Task brief: All pictures are to be dropped, and everything else in the data duplicated exactly.

Supplied information:
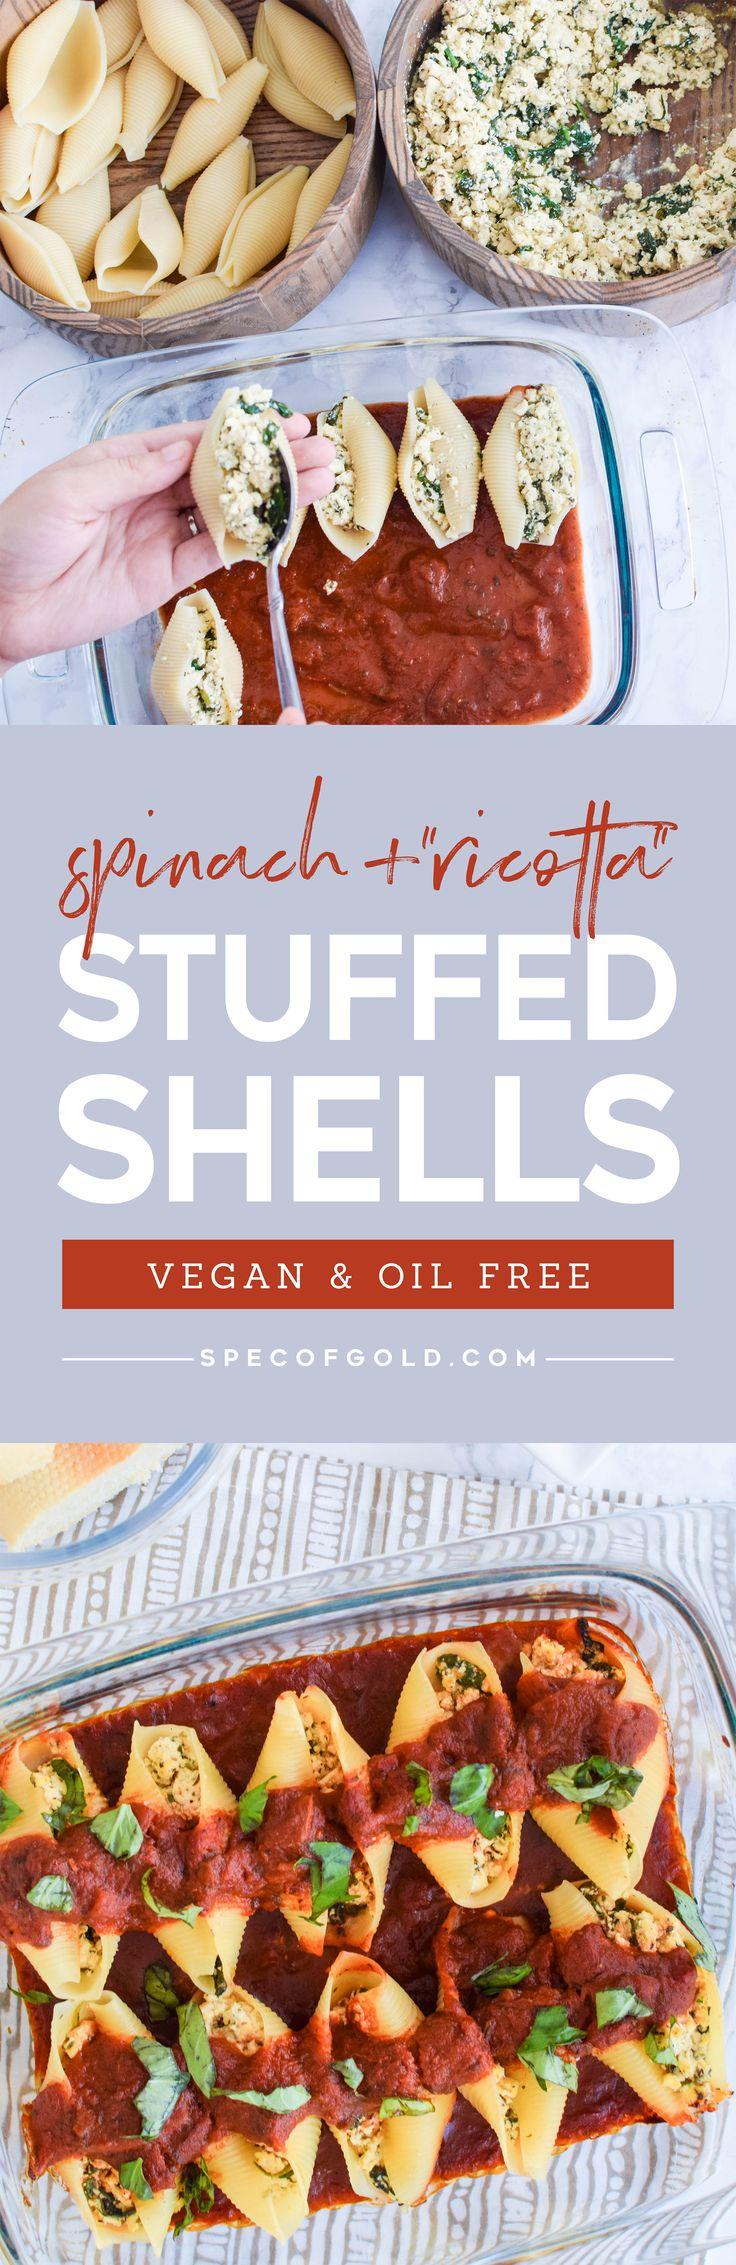 Vegan Stuffed Shells / Easy Cheap Vegan Dinner / Spinach & Tofu Ricotta Stuffed Shells / Plant Based Dinner / Oil-Free Dinner / HCLF
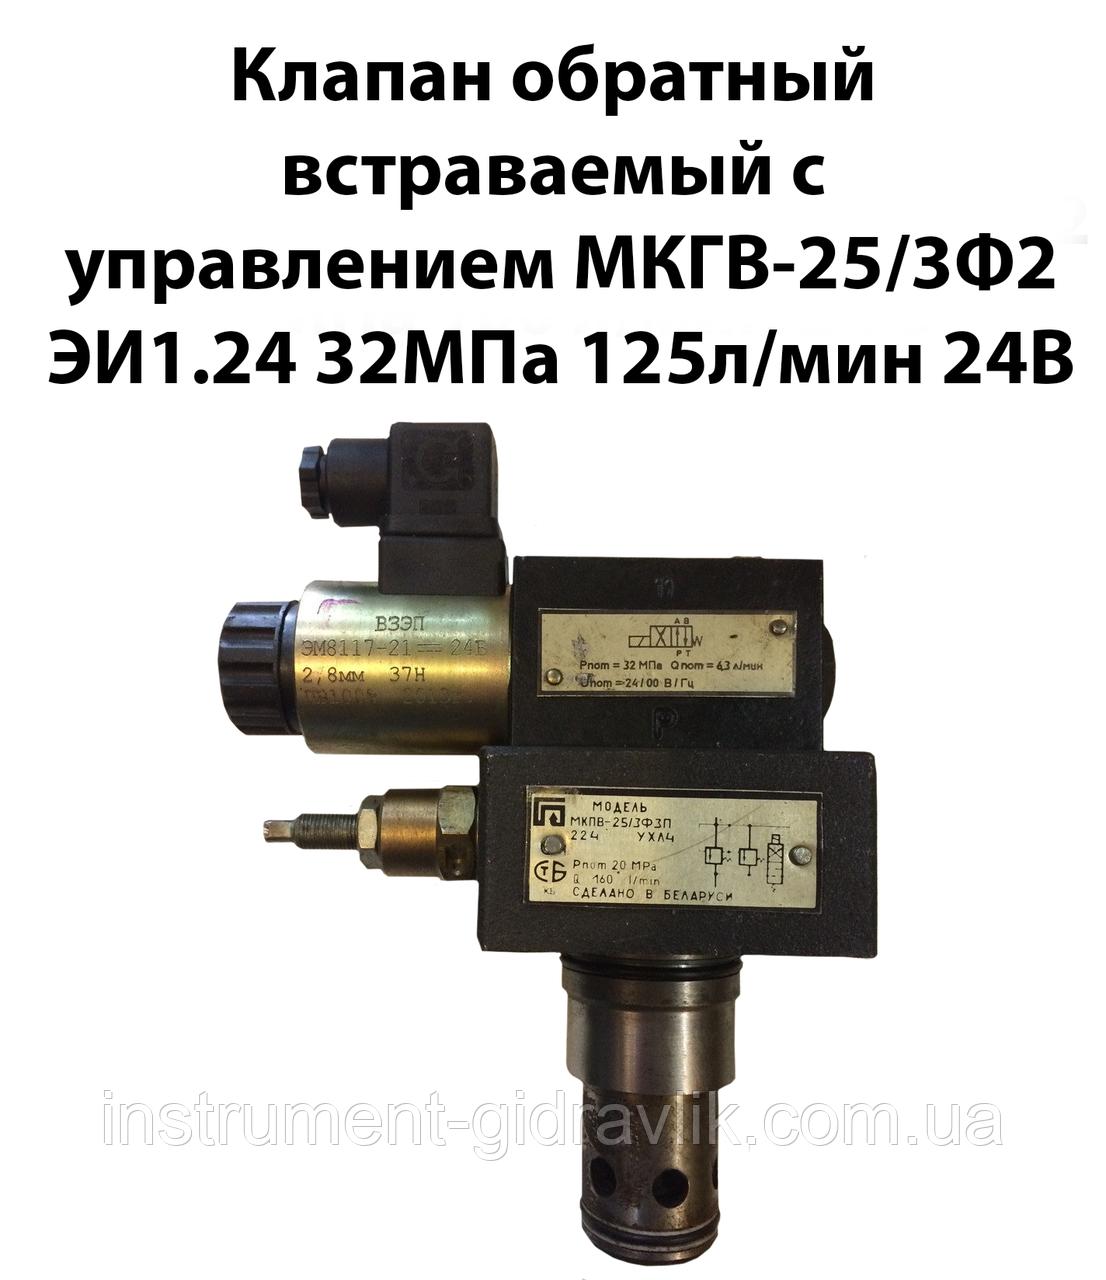 Клапан гидроуправляемый встраиваемый МКГВ-25/3Ф2 ЭИ1.24 32МПа 125л/мин 24в
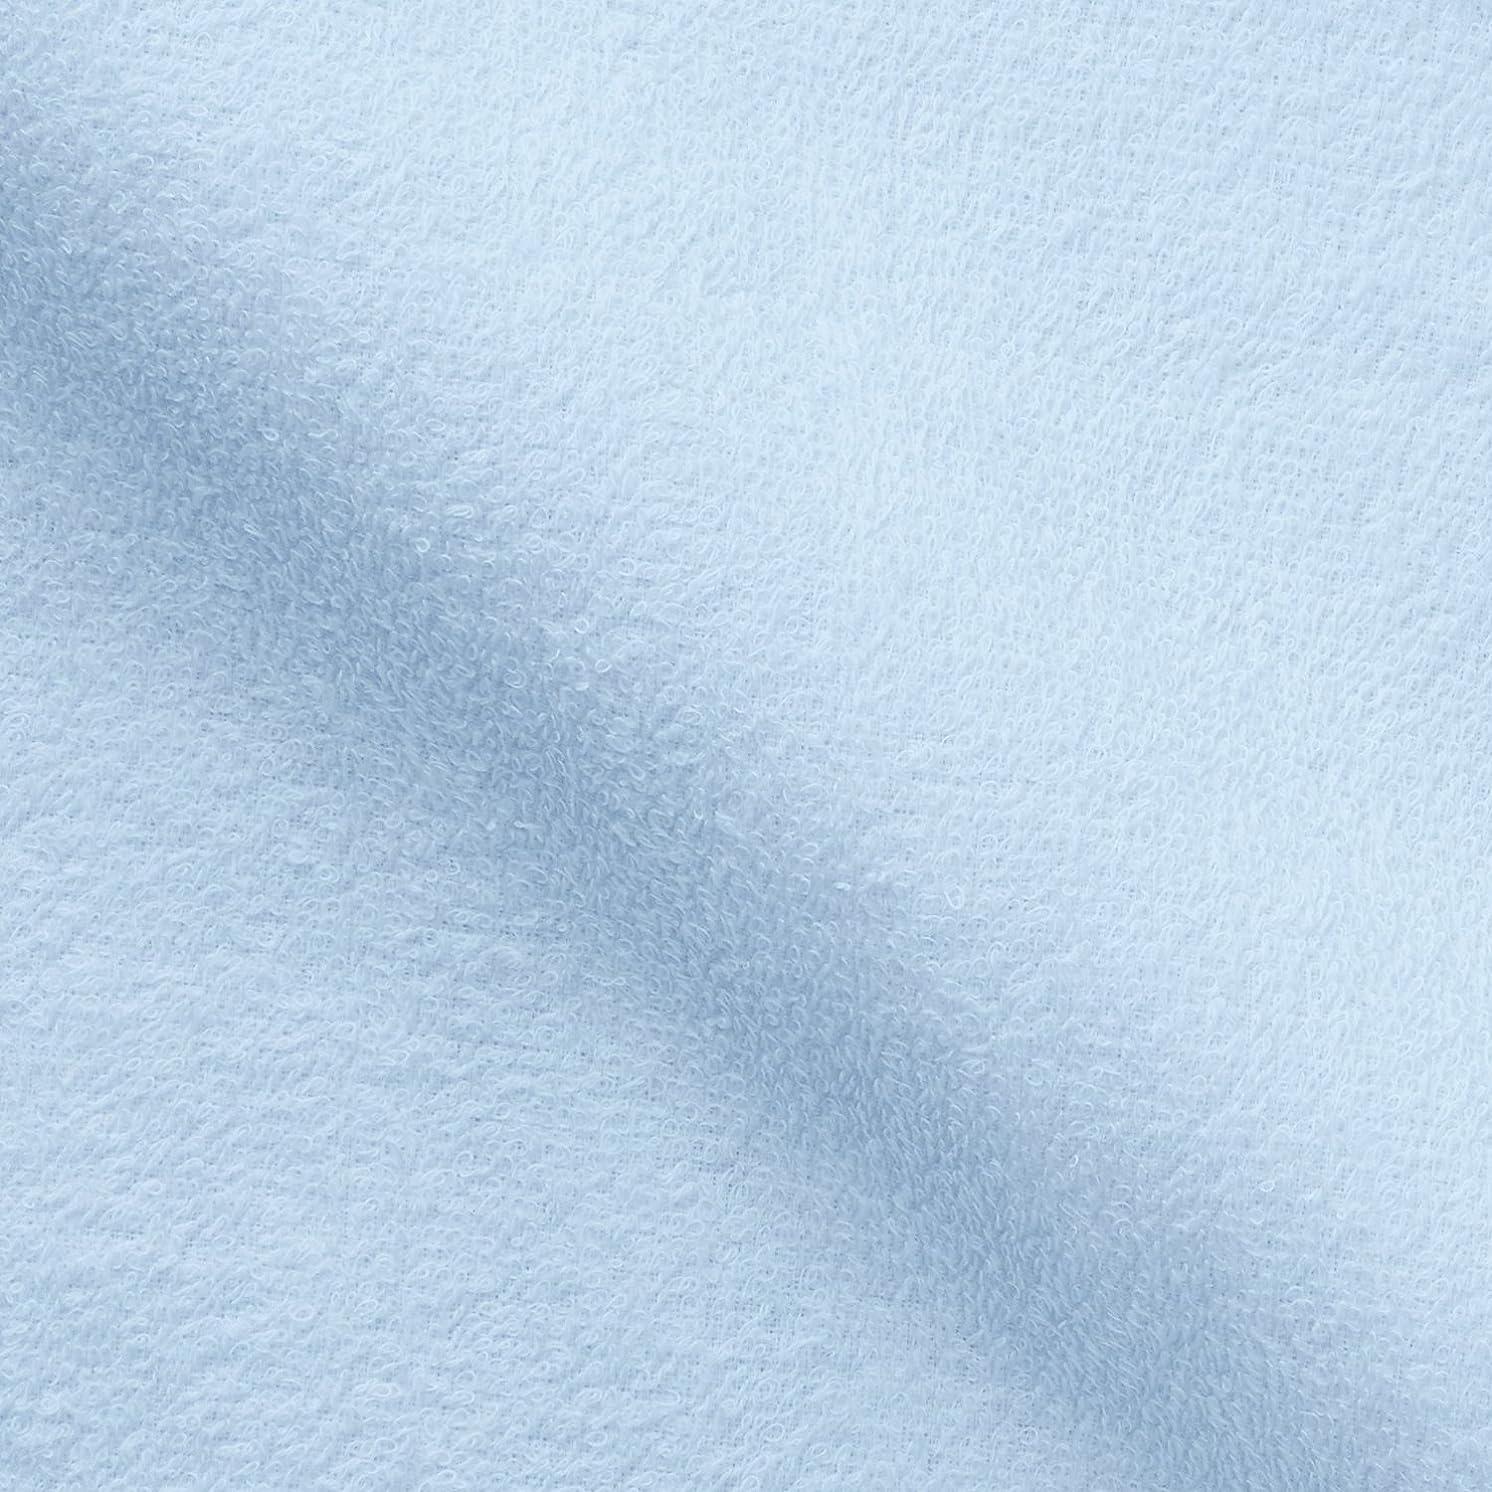 町でる合併キヨタ 抗菌介護タオル(フェイスタオル12枚入) ブルー 34×84cm

Finished exercise:
 Vegan Stuffed Shells / Easy Cheap Vegan Dinner / Spinach & Tofu Ricotta Stuffed Shells / Plant Based Dinner / Oil-Free Dinner / HCLF
 Клапан гидроуправляемый встраиваемый МКГВ-25/3Ф2 ЭИ1.24 32МПа 125л/мин 24в
 町でる合併キヨタ 抗菌介護タオル(フェイスタオル12枚入) ブルー 34×84cm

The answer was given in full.